In k-NN classification, the output is a class membership. An object is classified by a plurality vote of its neighbors, with the object being assigned to the class most common among its `k` nearest neighbors (`k` is a positive integer, typically small). If `k = 1`, then the object is simply assigned to the class of that single nearest neighbor.
The idea is to calculate the similarity between two data points on the basis of a distance metric. [Euclidean distance](https://en.wikipedia.org/wiki/Euclidean_distance) is used mostly for this task.
![Euclidean distance between two points](https://upload.wikimedia.org/wikipedia/commons/5/55/Euclidean_distance_2d.svg)
_Image source: [Wikipedia](https://en.wikipedia.org/wiki/Euclidean_distance)_
The algorithm is as follows:
1. Check for errors like invalid data/labels.
2. Calculate the euclidean distance of all the data points in training data with the classification point
3. Sort the distances of points along with their classes in ascending order
4. Take the initial `K` classes and find the mode to get the most similar class
5. Report the most similar class
Here is a visualization of k-NN classification for better understanding:
![KNN Visualization 1](https://upload.wikimedia.org/wikipedia/commons/e/e7/KnnClassification.svg)

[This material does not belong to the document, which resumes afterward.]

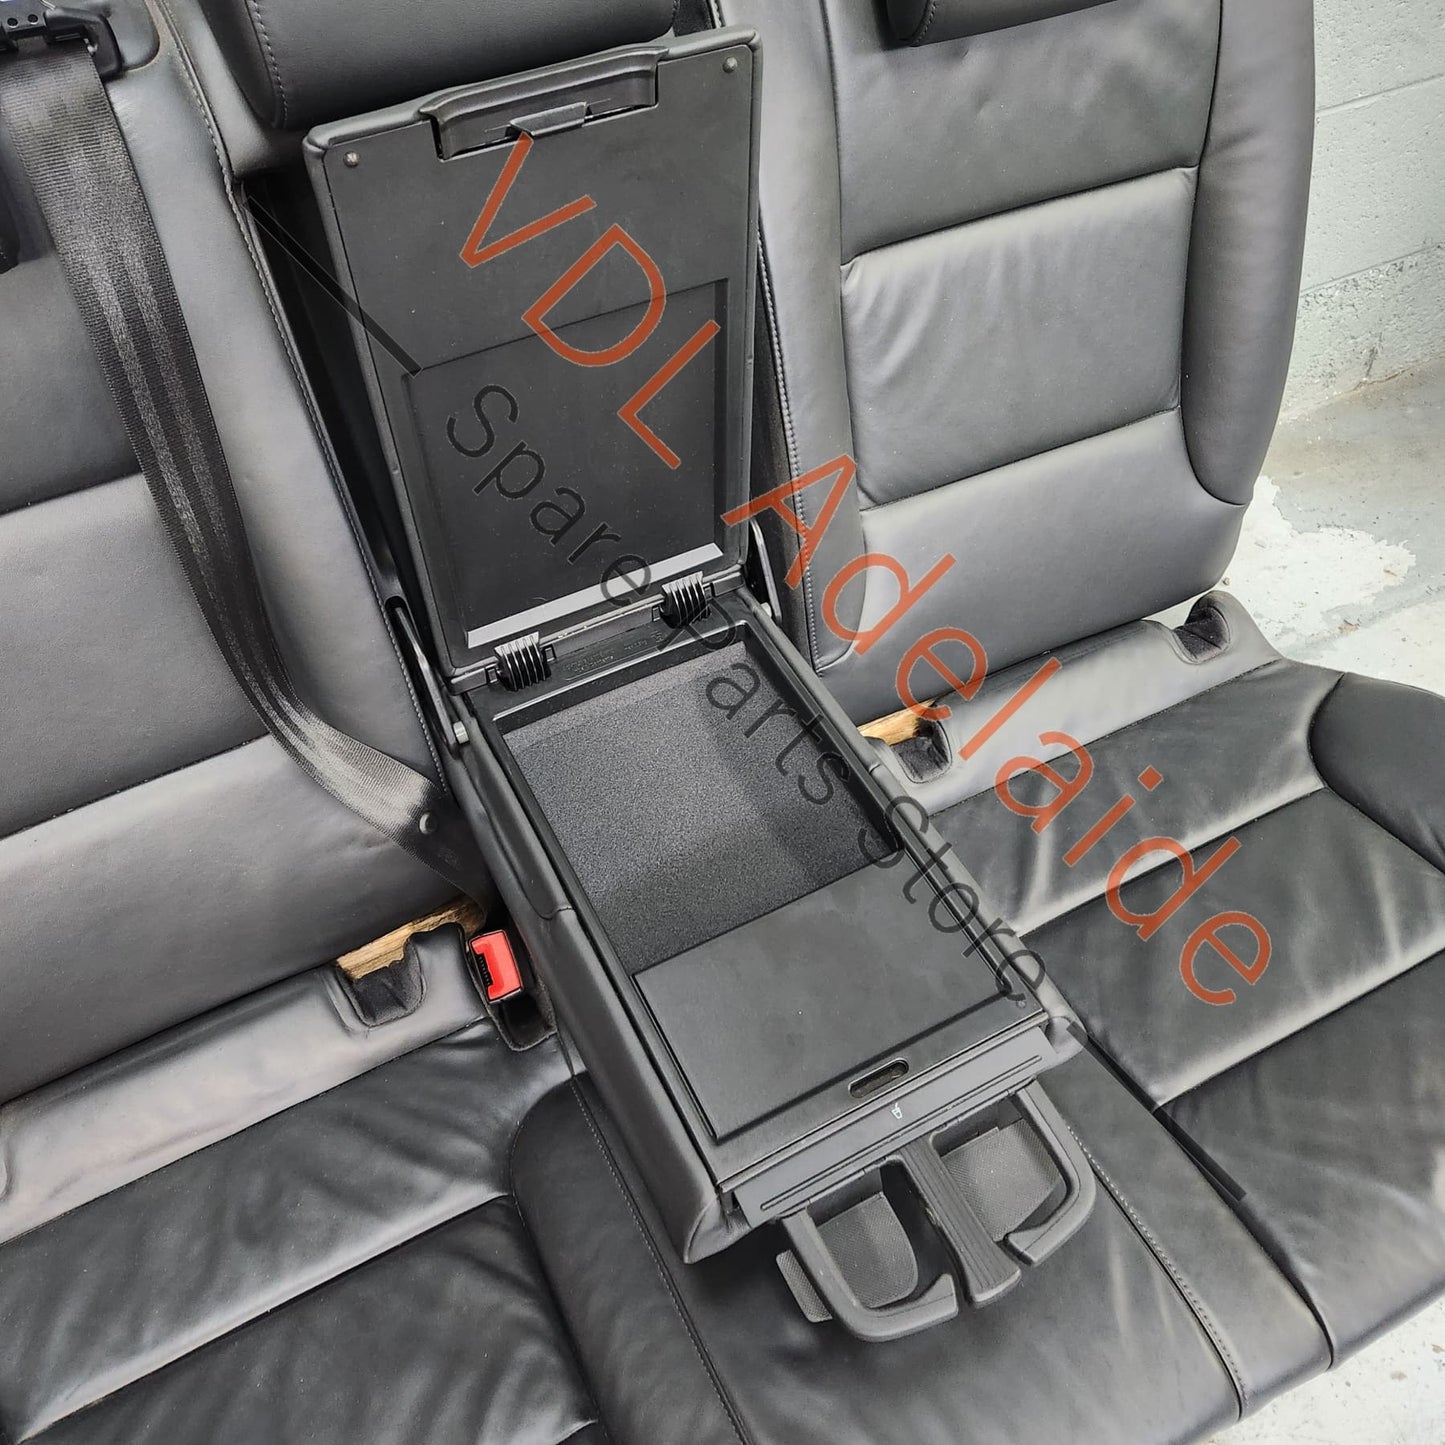 8P0881533 8P0881534 Audi S3 8P RS3 Golf R MK6 Wingback Fine Nappa Leather Seats Euro Recaro

_Image source: [Wikipedia](https://en.wikipedia.org/wiki/K-nearest_neighbors_algorithm)_
The test sample (green dot) should be classified either to blue squares or to red triangles. If `k = 3` (solid line circle) it is assigned to the red triangles because there are `2` triangles and only `1` square inside the inner circle. If `k = 5` (dashed line circle) it is assigned to the blue squares (`3` squares vs. `2` triangles inside the outer circle).
Another k-NN classification example:
![KNN Visualization 2](https://media.geeksforgeeks.org/wp-content/uploads/graph2-2.png)
_Image source: [GeeksForGeeks](https://media.geeksforgeeks.org/wp-content/uploads/graph2-2.png)_
Here, as we can see, the classification of unknown points will be judged by their proximity to other points.
It is important to note that `K` is preferred to have odd values in order to break ties. Usually `K` is taken as `3` or `5`.
## References
- [k-nearest neighbors algorithm on Wikipedia](https://en.wikipedia.org/wiki/K-nearest_neighbors_algorithm)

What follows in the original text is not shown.